11.5 ARBITRATION CLAUSE AND CLASS ACTION WAIVER. IMPORTANT – PLEASE REVIEW AS THIS AFFECTS YOUR LEGAL RIGHTS.EXCEPT FOR CERTAIN TYPES OF DISPUTES DESCRIBED IN SECTION 12 OF THE PARAVEL TERMS OF SERVICE [wwww.tourparavel.com/terms-of-service]. , CUSTOMER AGREES THAT DISPUTES BETWEEN CUSTOMER AND PARAVEL WILL BE RESOLVED BY BINDING, INDIVIDUAL ARBITRATION AND CUSTOMER WAIVES ANY RIGHT TO PARTICIPATE IN A CLASS ACTION LAWSUIT OR CLASS-WIDE ARBITRATION. SUCH DISPUTES BETWEEN CUSTOMER AND US (WHETHER OR NOT SUCH DISPUTE INVOLVES A THIRD PARTY) WILL BE GOVERNED BY THE TERMS IN SECTION 12 OF THE PARAVEL TERMS OF SERVICE [wwww.tourparavel.com/terms-of-service], WHICH ARE INCORPORATED INTO THIS AGREEMENT BY THIS REFERENCE.
11.6 Export Control.Customer shall comply, at its expense, with all export laws and restrictions and regulations of the United States or foreign agency or authority, and not export, or allow the export or re-export of any Product in violation of any such restrictions, laws or regulations. Customer shall obtain and bear all expenses relating to any necessary licenses and/or exemptions with respect to the export of Products.

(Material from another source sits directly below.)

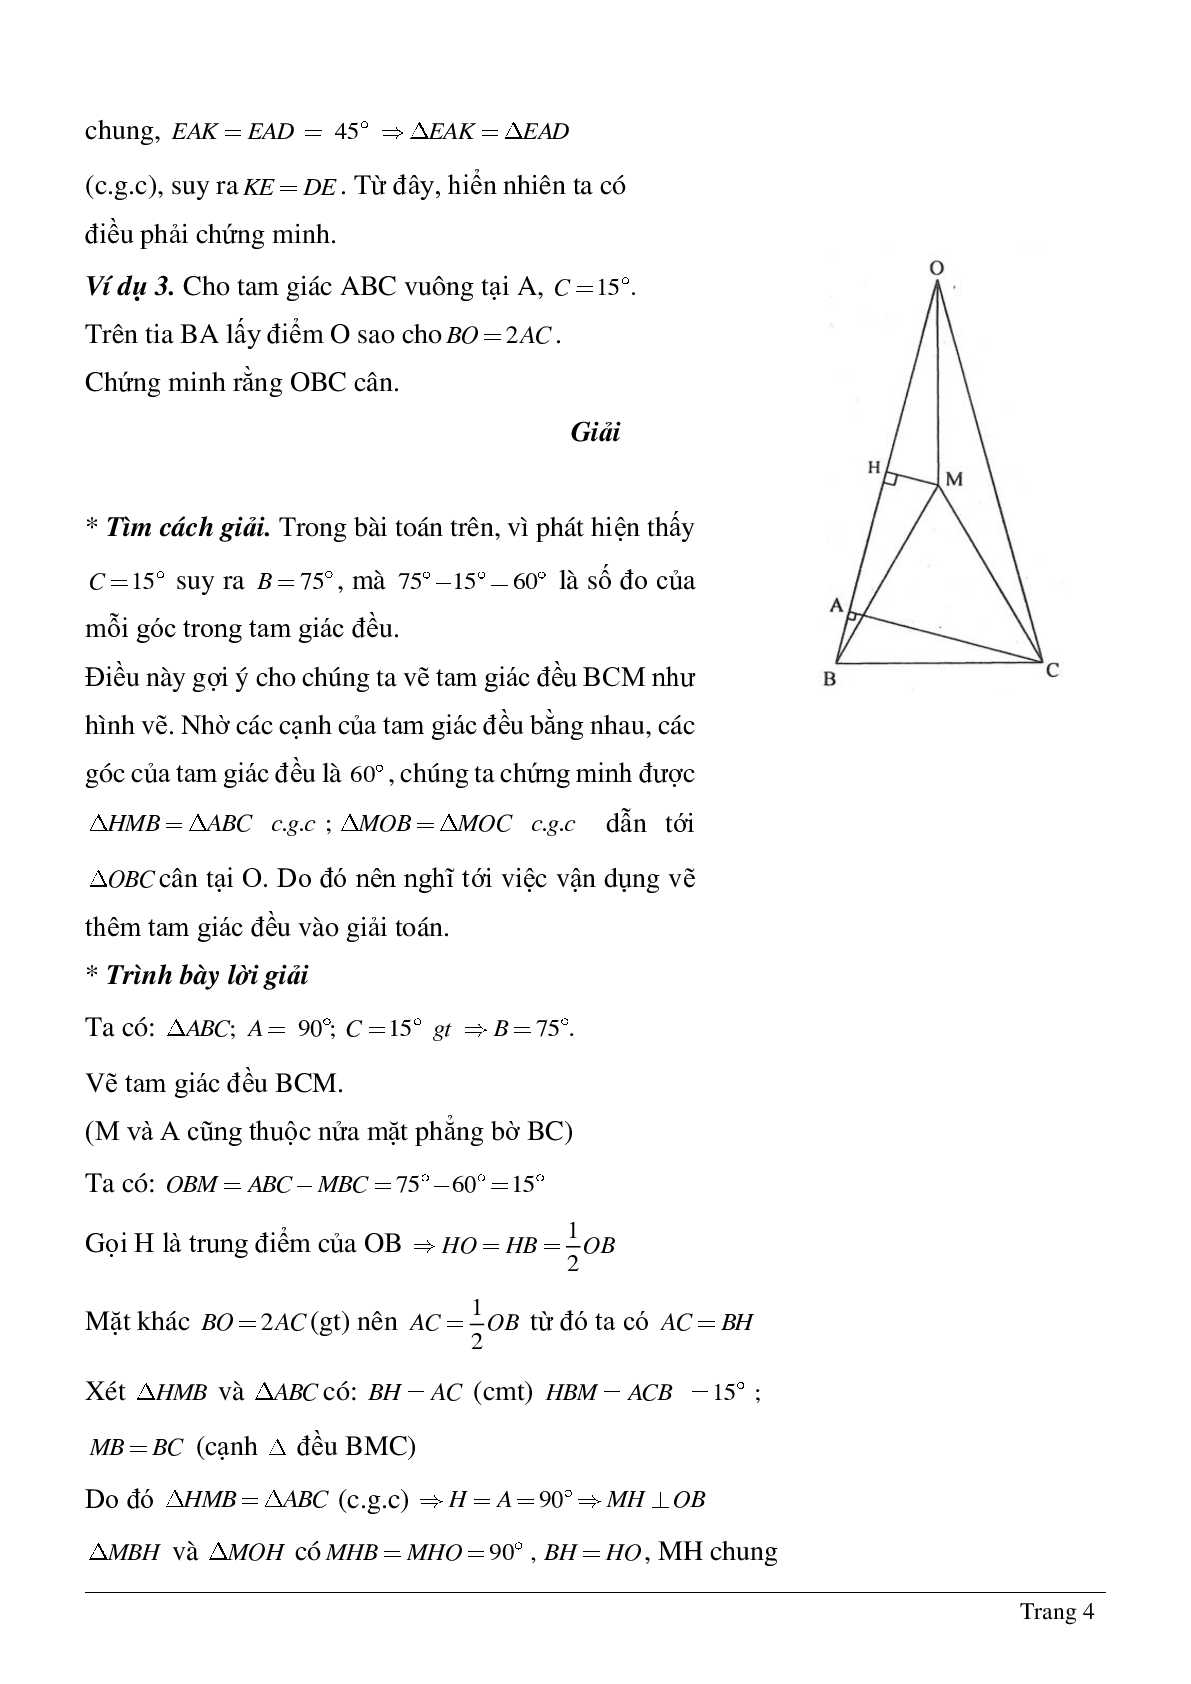 Phương pháp giải về Vẽ hình phụ để giải các bài toán hình học có lời giải (trang 4)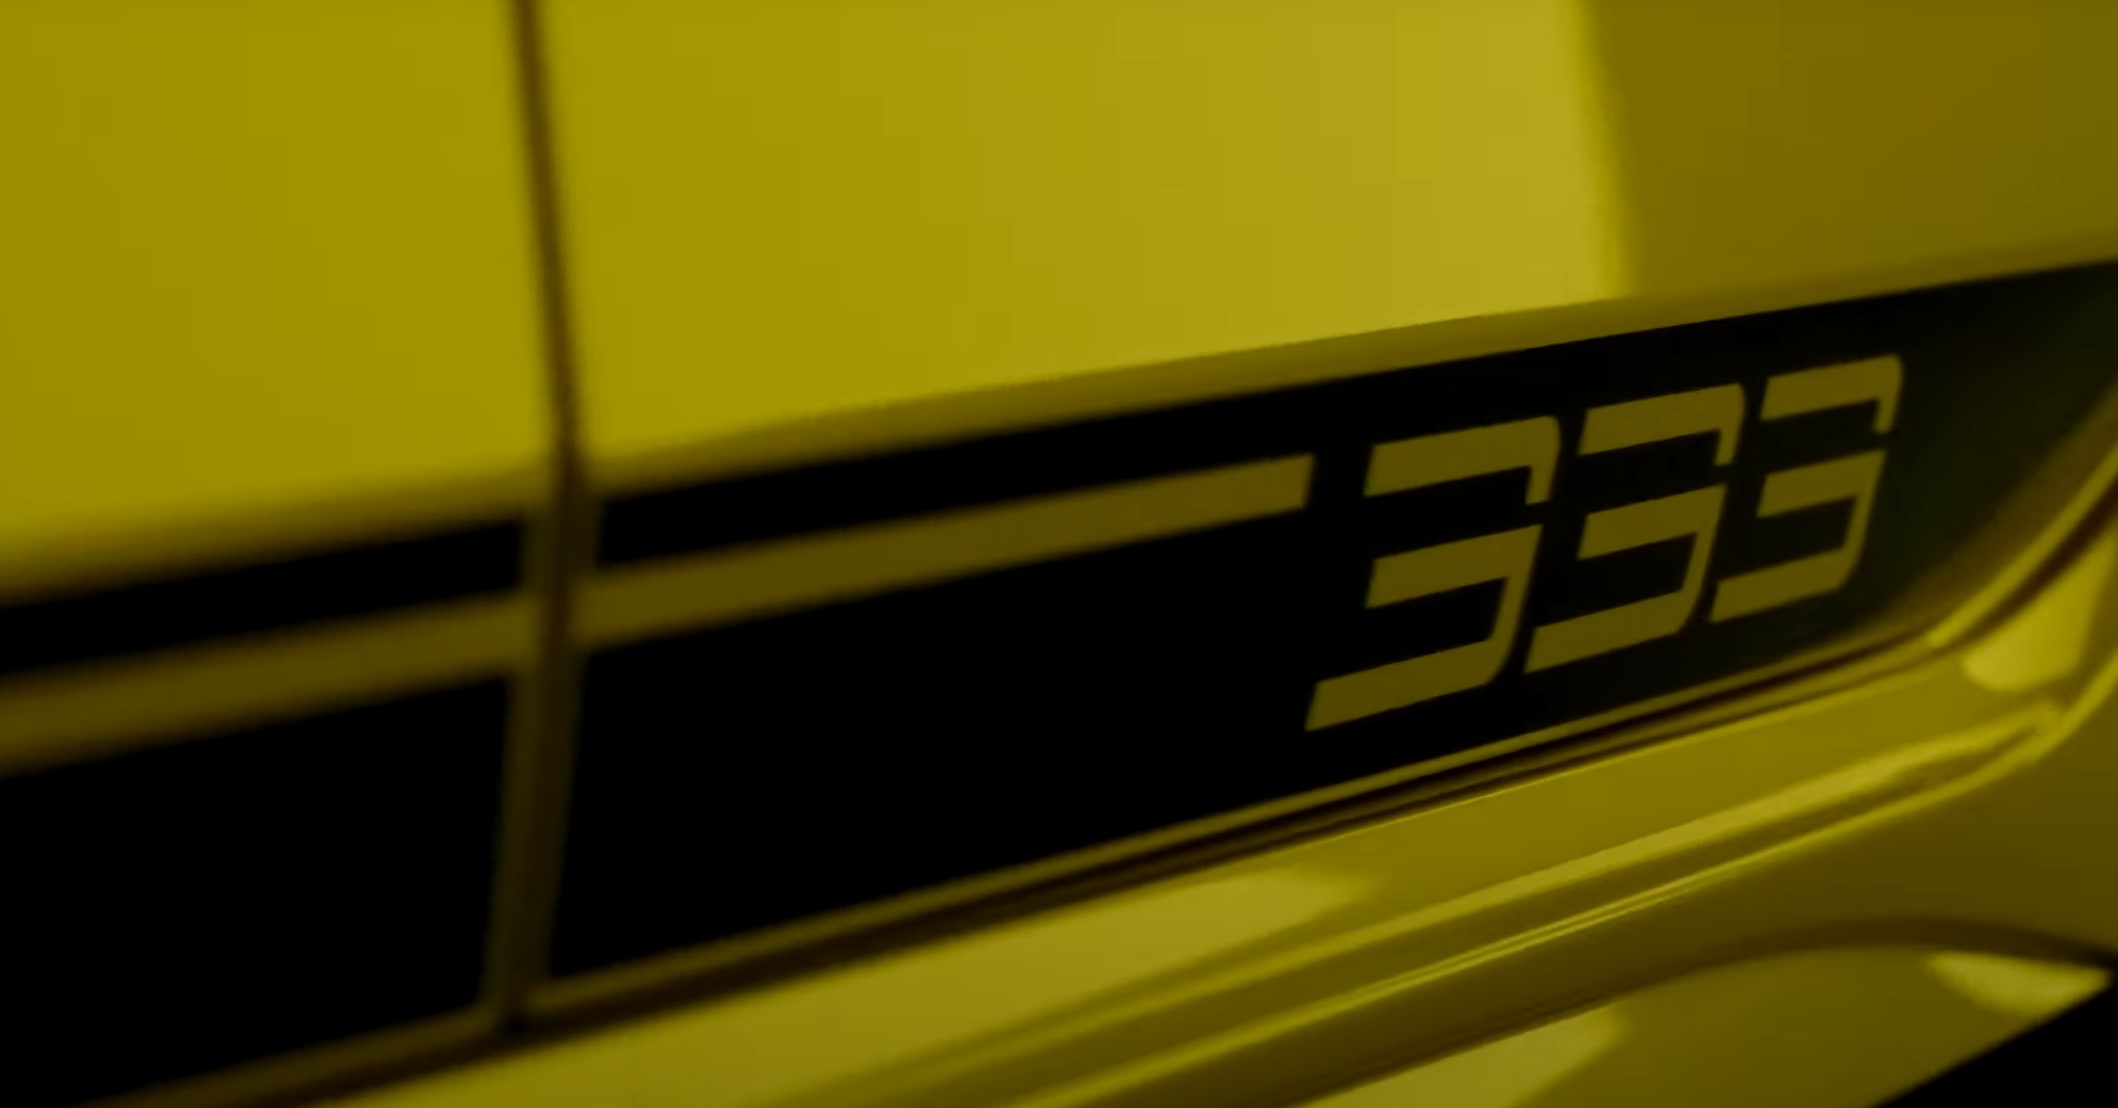 폭스바겐은 슈퍼 핫 해치 골프 R 20을 기반으로 출력을 329hp로 업그레이드 한 엔진과 독특한 스타일링 디테일을 더한 리미티드 에디션 골프 R의 티저를 공개했다.

11.7 Relationship of the Parties.Nothing herein shall be deemed to constitute either party as agent or representative of the other or both parties as joint venturers or partners for any purpose.
11.8 Entire Agreement: Amendment.This Agreement (a) constitutes the entire agreement of the parties hereto with respect to the subject matter hereof and supersedes all understandings and agreements, whether written or oral, as to such subject matter; (b) may be amended or modified only by a writing making reference to this Agreement and the clause to be modified that is duly executed by each party; (c) may not be assigned by Customer without the written consent of Paravel; and (d) shall be binding upon and shall inure to the benefit of the respective successors and permitted assigns of the parties.
11.9 Force Majeure.In no event shall Paravel have any liability to Customer for any delayed performance or nonperformance by Paravel resulting, in whole or in part, directly or indirectly, from any cause beyond Paravel’s reasonable control.